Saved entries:
##############################
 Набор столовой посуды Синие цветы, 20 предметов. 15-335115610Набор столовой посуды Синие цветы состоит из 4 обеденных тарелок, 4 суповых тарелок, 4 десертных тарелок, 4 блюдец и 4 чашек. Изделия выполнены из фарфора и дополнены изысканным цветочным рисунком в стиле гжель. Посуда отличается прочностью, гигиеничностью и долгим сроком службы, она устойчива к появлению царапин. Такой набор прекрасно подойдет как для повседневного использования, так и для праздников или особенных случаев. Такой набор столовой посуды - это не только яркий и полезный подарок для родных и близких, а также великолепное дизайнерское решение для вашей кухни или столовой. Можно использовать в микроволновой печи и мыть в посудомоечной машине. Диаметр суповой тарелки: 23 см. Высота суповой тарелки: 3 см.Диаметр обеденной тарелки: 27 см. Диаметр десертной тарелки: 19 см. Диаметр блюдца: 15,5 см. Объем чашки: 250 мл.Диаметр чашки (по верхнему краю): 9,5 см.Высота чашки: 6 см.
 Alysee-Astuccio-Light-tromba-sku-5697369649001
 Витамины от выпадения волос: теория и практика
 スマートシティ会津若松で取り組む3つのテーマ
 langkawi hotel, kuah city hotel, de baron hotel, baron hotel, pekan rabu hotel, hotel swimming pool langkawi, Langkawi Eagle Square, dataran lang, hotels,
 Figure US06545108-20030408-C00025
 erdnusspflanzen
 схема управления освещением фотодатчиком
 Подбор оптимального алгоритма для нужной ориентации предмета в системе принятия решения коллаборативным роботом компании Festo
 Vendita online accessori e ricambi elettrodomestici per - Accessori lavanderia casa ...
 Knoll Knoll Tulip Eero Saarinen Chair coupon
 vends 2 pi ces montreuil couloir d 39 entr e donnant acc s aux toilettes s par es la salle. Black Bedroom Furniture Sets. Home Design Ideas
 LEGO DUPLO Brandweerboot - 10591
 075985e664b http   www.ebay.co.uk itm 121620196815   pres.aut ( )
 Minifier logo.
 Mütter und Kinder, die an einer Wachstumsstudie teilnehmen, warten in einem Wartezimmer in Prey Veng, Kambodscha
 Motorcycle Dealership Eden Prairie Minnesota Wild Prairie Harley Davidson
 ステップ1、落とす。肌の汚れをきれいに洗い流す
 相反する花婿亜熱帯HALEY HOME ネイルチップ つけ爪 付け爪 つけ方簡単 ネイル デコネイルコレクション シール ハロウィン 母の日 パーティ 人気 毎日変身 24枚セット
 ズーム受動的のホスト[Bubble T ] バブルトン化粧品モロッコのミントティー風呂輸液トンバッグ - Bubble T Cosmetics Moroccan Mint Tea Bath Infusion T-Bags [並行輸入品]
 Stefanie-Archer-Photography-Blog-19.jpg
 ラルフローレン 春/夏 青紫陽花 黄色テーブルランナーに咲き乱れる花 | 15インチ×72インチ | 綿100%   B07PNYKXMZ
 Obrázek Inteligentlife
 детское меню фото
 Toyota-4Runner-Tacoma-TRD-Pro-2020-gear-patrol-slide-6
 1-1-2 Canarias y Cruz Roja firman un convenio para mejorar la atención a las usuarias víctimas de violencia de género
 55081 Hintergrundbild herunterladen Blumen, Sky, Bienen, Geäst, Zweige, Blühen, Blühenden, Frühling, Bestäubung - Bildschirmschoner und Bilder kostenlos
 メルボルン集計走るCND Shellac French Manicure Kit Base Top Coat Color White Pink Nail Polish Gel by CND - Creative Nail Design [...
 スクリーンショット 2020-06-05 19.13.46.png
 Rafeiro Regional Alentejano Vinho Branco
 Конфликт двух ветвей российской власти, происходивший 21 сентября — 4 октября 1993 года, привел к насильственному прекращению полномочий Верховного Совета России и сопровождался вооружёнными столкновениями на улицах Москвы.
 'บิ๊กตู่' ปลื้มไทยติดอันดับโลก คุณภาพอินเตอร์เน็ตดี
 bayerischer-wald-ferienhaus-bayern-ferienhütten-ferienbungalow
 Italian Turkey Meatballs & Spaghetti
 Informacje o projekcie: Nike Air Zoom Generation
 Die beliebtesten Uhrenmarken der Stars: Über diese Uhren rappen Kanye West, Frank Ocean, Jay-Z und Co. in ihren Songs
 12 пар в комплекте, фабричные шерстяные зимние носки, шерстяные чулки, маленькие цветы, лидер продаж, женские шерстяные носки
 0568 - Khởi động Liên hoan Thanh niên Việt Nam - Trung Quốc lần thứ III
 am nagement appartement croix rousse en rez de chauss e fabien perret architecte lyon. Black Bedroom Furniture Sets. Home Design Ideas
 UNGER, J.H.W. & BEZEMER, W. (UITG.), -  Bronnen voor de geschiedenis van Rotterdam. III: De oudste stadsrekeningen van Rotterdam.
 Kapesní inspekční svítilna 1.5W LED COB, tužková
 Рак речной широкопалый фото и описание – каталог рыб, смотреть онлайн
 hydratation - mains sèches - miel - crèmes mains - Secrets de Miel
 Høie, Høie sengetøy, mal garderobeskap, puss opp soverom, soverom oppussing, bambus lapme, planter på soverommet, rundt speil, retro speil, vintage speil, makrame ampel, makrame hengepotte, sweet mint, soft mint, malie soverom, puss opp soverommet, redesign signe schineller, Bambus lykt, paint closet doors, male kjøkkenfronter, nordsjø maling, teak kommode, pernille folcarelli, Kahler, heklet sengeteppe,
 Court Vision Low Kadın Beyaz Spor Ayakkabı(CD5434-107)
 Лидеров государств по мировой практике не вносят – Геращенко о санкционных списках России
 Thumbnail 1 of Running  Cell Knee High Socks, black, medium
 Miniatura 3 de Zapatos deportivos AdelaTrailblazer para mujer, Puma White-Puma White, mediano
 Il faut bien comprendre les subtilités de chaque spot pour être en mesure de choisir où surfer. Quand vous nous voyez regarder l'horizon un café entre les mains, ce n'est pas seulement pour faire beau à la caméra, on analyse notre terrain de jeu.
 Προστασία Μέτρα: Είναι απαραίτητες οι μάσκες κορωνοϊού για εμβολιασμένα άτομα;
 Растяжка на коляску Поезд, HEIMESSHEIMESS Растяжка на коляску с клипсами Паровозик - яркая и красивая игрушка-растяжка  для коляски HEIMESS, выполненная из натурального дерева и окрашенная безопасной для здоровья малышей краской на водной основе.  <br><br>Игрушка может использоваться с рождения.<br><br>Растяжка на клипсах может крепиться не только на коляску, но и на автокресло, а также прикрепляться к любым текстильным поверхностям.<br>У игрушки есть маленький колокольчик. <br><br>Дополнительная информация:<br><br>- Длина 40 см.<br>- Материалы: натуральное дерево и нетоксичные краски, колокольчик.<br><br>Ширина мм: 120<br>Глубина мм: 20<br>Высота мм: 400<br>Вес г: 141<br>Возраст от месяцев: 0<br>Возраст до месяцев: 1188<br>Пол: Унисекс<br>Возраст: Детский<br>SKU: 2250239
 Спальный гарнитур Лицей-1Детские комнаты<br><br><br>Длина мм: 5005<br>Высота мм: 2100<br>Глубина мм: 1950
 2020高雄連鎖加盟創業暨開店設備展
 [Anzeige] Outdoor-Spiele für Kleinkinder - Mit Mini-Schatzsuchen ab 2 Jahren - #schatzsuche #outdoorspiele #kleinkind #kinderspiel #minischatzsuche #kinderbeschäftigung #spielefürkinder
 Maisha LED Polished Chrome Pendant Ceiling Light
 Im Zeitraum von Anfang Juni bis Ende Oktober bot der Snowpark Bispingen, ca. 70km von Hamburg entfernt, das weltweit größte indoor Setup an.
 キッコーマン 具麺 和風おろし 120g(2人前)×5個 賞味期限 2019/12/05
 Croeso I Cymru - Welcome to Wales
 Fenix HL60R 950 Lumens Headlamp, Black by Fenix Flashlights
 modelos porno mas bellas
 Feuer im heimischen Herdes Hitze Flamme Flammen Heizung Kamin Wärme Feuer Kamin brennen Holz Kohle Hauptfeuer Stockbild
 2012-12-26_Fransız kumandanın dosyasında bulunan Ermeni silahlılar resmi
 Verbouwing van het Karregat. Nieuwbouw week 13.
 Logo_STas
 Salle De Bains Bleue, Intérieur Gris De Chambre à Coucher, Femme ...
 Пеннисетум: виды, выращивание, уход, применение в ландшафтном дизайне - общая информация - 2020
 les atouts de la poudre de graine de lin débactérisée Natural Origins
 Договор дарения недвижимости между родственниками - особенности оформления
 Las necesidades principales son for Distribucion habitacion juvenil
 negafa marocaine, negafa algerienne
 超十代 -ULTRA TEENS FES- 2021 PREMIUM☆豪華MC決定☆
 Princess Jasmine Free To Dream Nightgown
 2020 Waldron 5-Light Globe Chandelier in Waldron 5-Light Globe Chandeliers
##############################
§ **Exercise instructions**
Restate the data word for word. Begin at its first line, end at the line that contains "ステップ1、落とす。肌の汚れをきれいに洗い流す", and include both.

§ **Written answer**
 Набор столовой посуды Синие цветы, 20 предметов. 15-335115610Набор столовой посуды Синие цветы состоит из 4 обеденных тарелок, 4 суповых тарелок, 4 десертных тарелок, 4 блюдец и 4 чашек. Изделия выполнены из фарфора и дополнены изысканным цветочным рисунком в стиле гжель. Посуда отличается прочностью, гигиеничностью и долгим сроком службы, она устойчива к появлению царапин. Такой набор прекрасно подойдет как для повседневного использования, так и для праздников или особенных случаев. Такой набор столовой посуды - это не только яркий и полезный подарок для родных и близких, а также великолепное дизайнерское решение для вашей кухни или столовой. Можно использовать в микроволновой печи и мыть в посудомоечной машине. Диаметр суповой тарелки: 23 см. Высота суповой тарелки: 3 см.Диаметр обеденной тарелки: 27 см. Диаметр десертной тарелки: 19 см. Диаметр блюдца: 15,5 см. Объем чашки: 250 мл.Диаметр чашки (по верхнему краю): 9,5 см.Высота чашки: 6 см.
 Alysee-Astuccio-Light-tromba-sku-5697369649001
 Витамины от выпадения волос: теория и практика
 スマートシティ会津若松で取り組む3つのテーマ
 langkawi hotel, kuah city hotel, de baron hotel, baron hotel, pekan rabu hotel, hotel swimming pool langkawi, Langkawi Eagle Square, dataran lang, hotels,
 Figure US06545108-20030408-C00025
 erdnusspflanzen
 схема управления освещением фотодатчиком
 Подбор оптимального алгоритма для нужной ориентации предмета в системе принятия решения коллаборативным роботом компании Festo
 Vendita online accessori e ricambi elettrodomestici per - Accessori lavanderia casa ...
 Knoll Knoll Tulip Eero Saarinen Chair coupon
 vends 2 pi ces montreuil couloir d 39 entr e donnant acc s aux toilettes s par es la salle. Black Bedroom Furniture Sets. Home Design Ideas
 LEGO DUPLO Brandweerboot - 10591
 075985e664b http   www.ebay.co.uk itm 121620196815   pres.aut ( )
 Minifier logo.
 Mütter und Kinder, die an einer Wachstumsstudie teilnehmen, warten in einem Wartezimmer in Prey Veng, Kambodscha
 Motorcycle Dealership Eden Prairie Minnesota Wild Prairie Harley Davidson
 ステップ1、落とす。肌の汚れをきれいに洗い流す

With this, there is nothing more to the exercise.